Almost always? I can only think of only a few situations where it isn't an option. Firstly, if you are a minority shareholder in a private company. There is often no way you can cash out your investment, no matter how much you want to. You no longer have control of your asset, and must be content to watch it succeed or fail from a distance.

Secondly, you can't do anything about the risks associated with a company's past deeds. If your company has been doing something illegal, incurred a liability it can't pay, or has not been paying its taxes, then it's the courts or the government that has first call and ultimate control of the company, not its owners.

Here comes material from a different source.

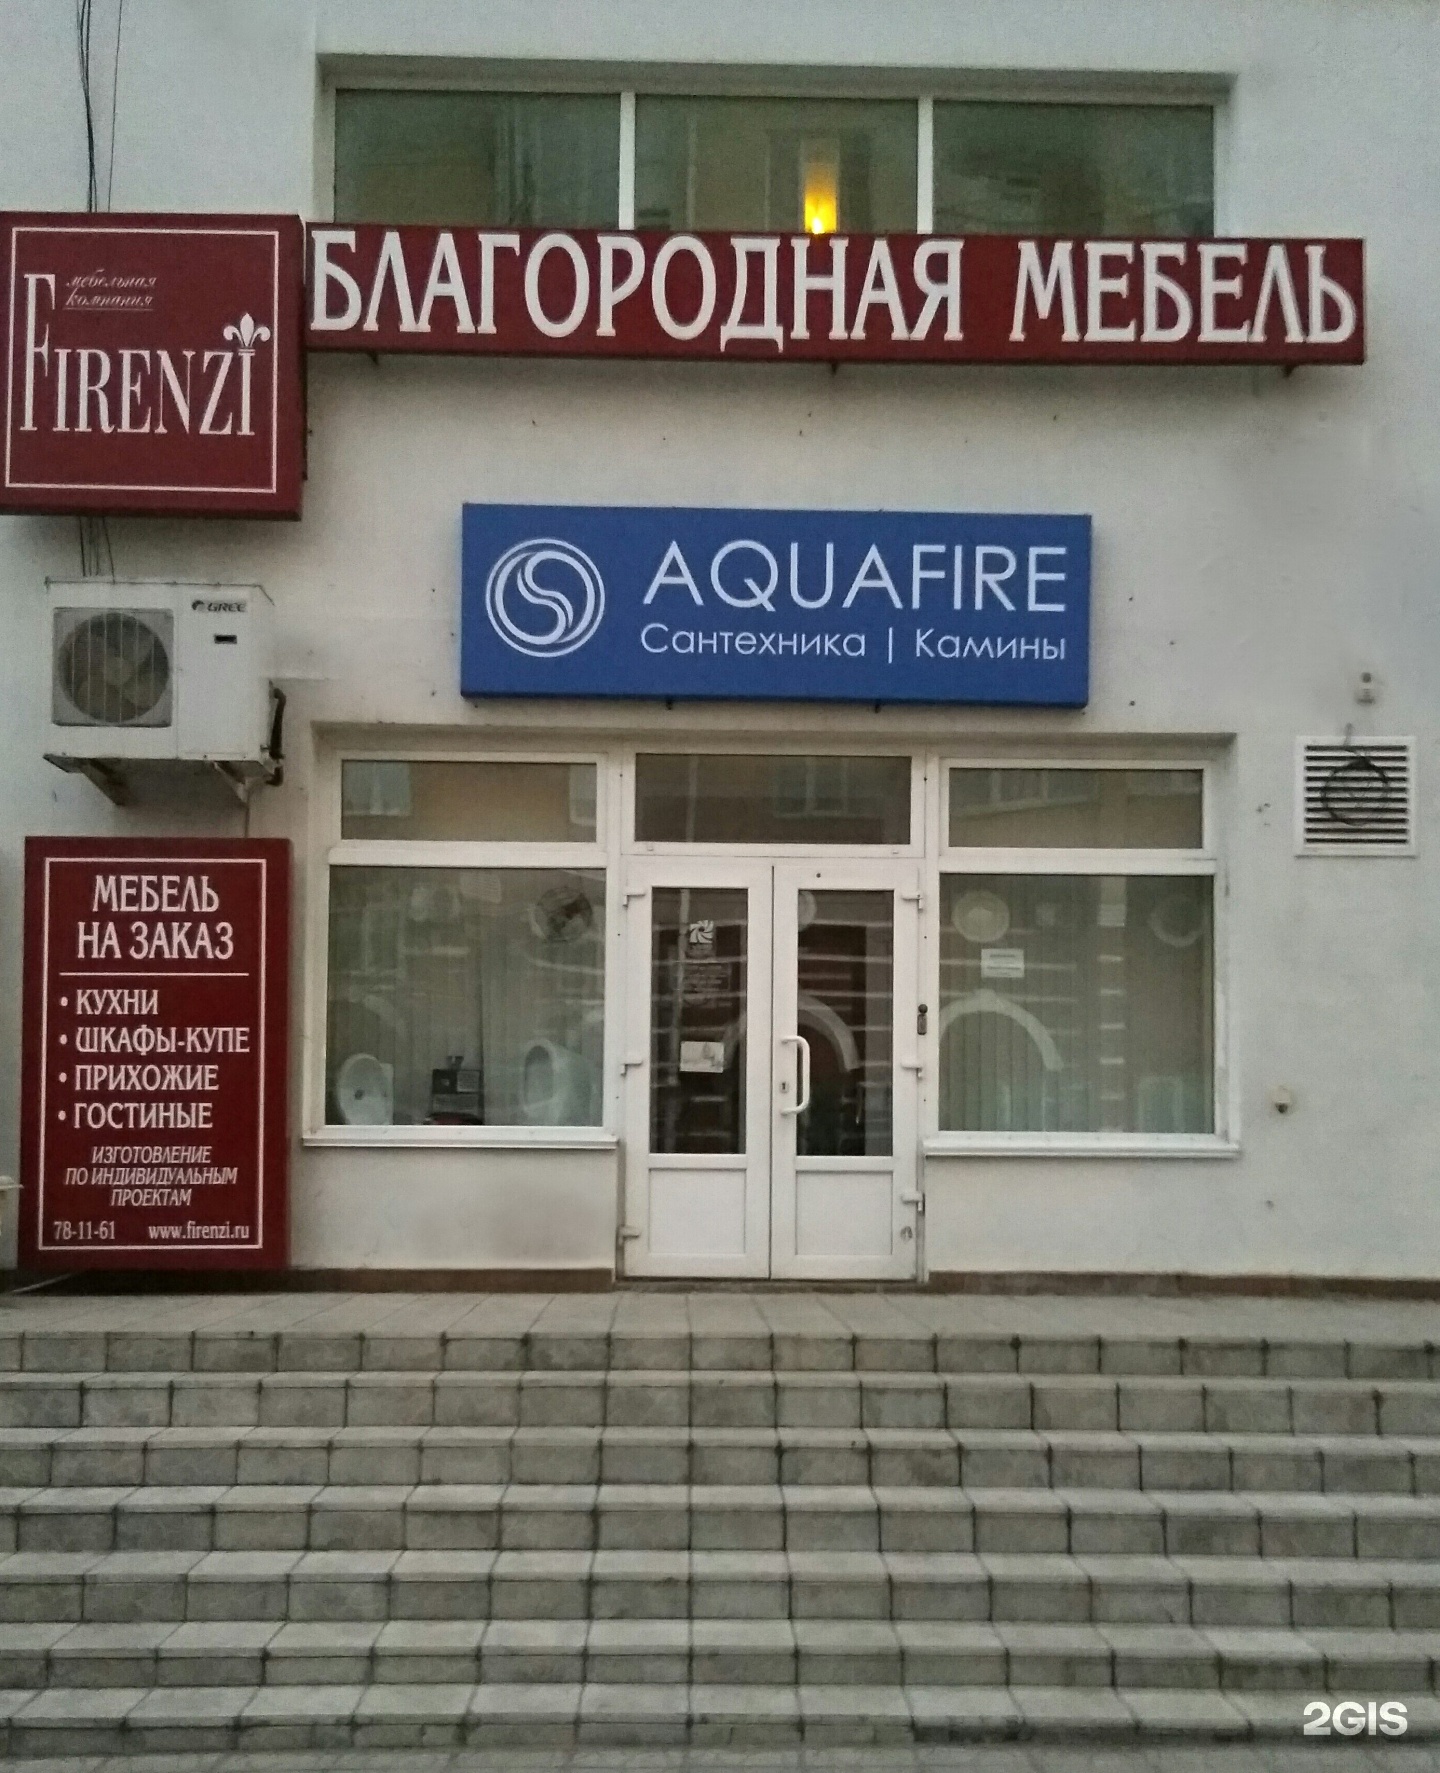 Aquafire salon

Finally if (like most of us) you work for a company, rather than just own it, then avoidance is probably impractical. You have to play the cards you are dealt and reduce, spread, transfer, or assume each risks. Unless, of course, you want to change jobs.


Reader Comments:

Dominic Strong writes:

I have just read your document and would like to maybe clear up the idea of pure risk and speculative risk that you are having. A robbery is a pure risk as you rightly stated. There is never a possibility of gain. A company can have and usually has many risks at the same time. Some of these may be pure risks and some may be speculative risks. In the case you mentioned robbery does not become a speculative risks as it never has a possibility of gain. The manager of the gas station just has to deal with both speculative risks (whether or not the gas station will be profitable) and pure risks of which robbery is just one.

I agree that from the manager's point of view it is a pure risk. But my point is that from the owner's (or higher management's) point of view operating the gas station is speculative, with the risk of robbery being just part of that speculative risk. It depends very much upon where you sit as to whether a risk is classed as pure or speculative.